*** Opening Supplied information ***
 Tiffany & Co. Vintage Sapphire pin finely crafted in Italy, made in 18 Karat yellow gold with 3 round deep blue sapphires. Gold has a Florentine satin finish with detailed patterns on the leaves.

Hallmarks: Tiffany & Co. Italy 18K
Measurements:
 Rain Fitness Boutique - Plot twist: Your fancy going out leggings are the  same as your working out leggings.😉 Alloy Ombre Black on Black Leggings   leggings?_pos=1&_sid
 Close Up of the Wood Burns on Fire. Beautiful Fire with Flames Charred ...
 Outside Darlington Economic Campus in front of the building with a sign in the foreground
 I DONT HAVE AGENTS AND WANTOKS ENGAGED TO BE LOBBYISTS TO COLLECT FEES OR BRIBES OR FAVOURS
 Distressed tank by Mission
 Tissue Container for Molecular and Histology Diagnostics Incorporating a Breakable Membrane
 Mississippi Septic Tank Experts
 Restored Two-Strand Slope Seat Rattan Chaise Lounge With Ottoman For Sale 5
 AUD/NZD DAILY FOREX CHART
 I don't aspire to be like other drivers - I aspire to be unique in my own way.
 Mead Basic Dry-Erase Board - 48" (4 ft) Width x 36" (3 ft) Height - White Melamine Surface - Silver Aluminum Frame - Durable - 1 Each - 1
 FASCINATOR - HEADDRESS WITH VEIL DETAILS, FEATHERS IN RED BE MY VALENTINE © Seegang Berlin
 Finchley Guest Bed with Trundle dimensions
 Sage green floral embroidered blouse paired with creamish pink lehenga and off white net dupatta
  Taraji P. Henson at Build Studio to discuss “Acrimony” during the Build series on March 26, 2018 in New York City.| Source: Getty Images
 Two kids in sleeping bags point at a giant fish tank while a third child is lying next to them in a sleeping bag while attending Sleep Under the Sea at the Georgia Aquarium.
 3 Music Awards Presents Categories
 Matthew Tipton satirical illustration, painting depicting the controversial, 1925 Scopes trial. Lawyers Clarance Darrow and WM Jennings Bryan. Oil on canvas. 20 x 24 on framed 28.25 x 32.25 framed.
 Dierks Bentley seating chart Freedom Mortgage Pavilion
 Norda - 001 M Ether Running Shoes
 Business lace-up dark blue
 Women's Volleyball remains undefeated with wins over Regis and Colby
*** Closing Supplied information ***
*What is being asked*
Up to and including the line with "FASCINATOR - HEADDRESS", transcribe the entries above exactly, starting from their first line.

*The answer*
 Tiffany & Co. Vintage Sapphire pin finely crafted in Italy, made in 18 Karat yellow gold with 3 round deep blue sapphires. Gold has a Florentine satin finish with detailed patterns on the leaves.

Hallmarks: Tiffany & Co. Italy 18K
Measurements:
 Rain Fitness Boutique - Plot twist: Your fancy going out leggings are the  same as your working out leggings.😉 Alloy Ombre Black on Black Leggings   leggings?_pos=1&_sid
 Close Up of the Wood Burns on Fire. Beautiful Fire with Flames Charred ...
 Outside Darlington Economic Campus in front of the building with a sign in the foreground
 I DONT HAVE AGENTS AND WANTOKS ENGAGED TO BE LOBBYISTS TO COLLECT FEES OR BRIBES OR FAVOURS
 Distressed tank by Mission
 Tissue Container for Molecular and Histology Diagnostics Incorporating a Breakable Membrane
 Mississippi Septic Tank Experts
 Restored Two-Strand Slope Seat Rattan Chaise Lounge With Ottoman For Sale 5
 AUD/NZD DAILY FOREX CHART
 I don't aspire to be like other drivers - I aspire to be unique in my own way.
 Mead Basic Dry-Erase Board - 48" (4 ft) Width x 36" (3 ft) Height - White Melamine Surface - Silver Aluminum Frame - Durable - 1 Each - 1
 FASCINATOR - HEADDRESS WITH VEIL DETAILS, FEATHERS IN RED BE MY VALENTINE © Seegang Berlin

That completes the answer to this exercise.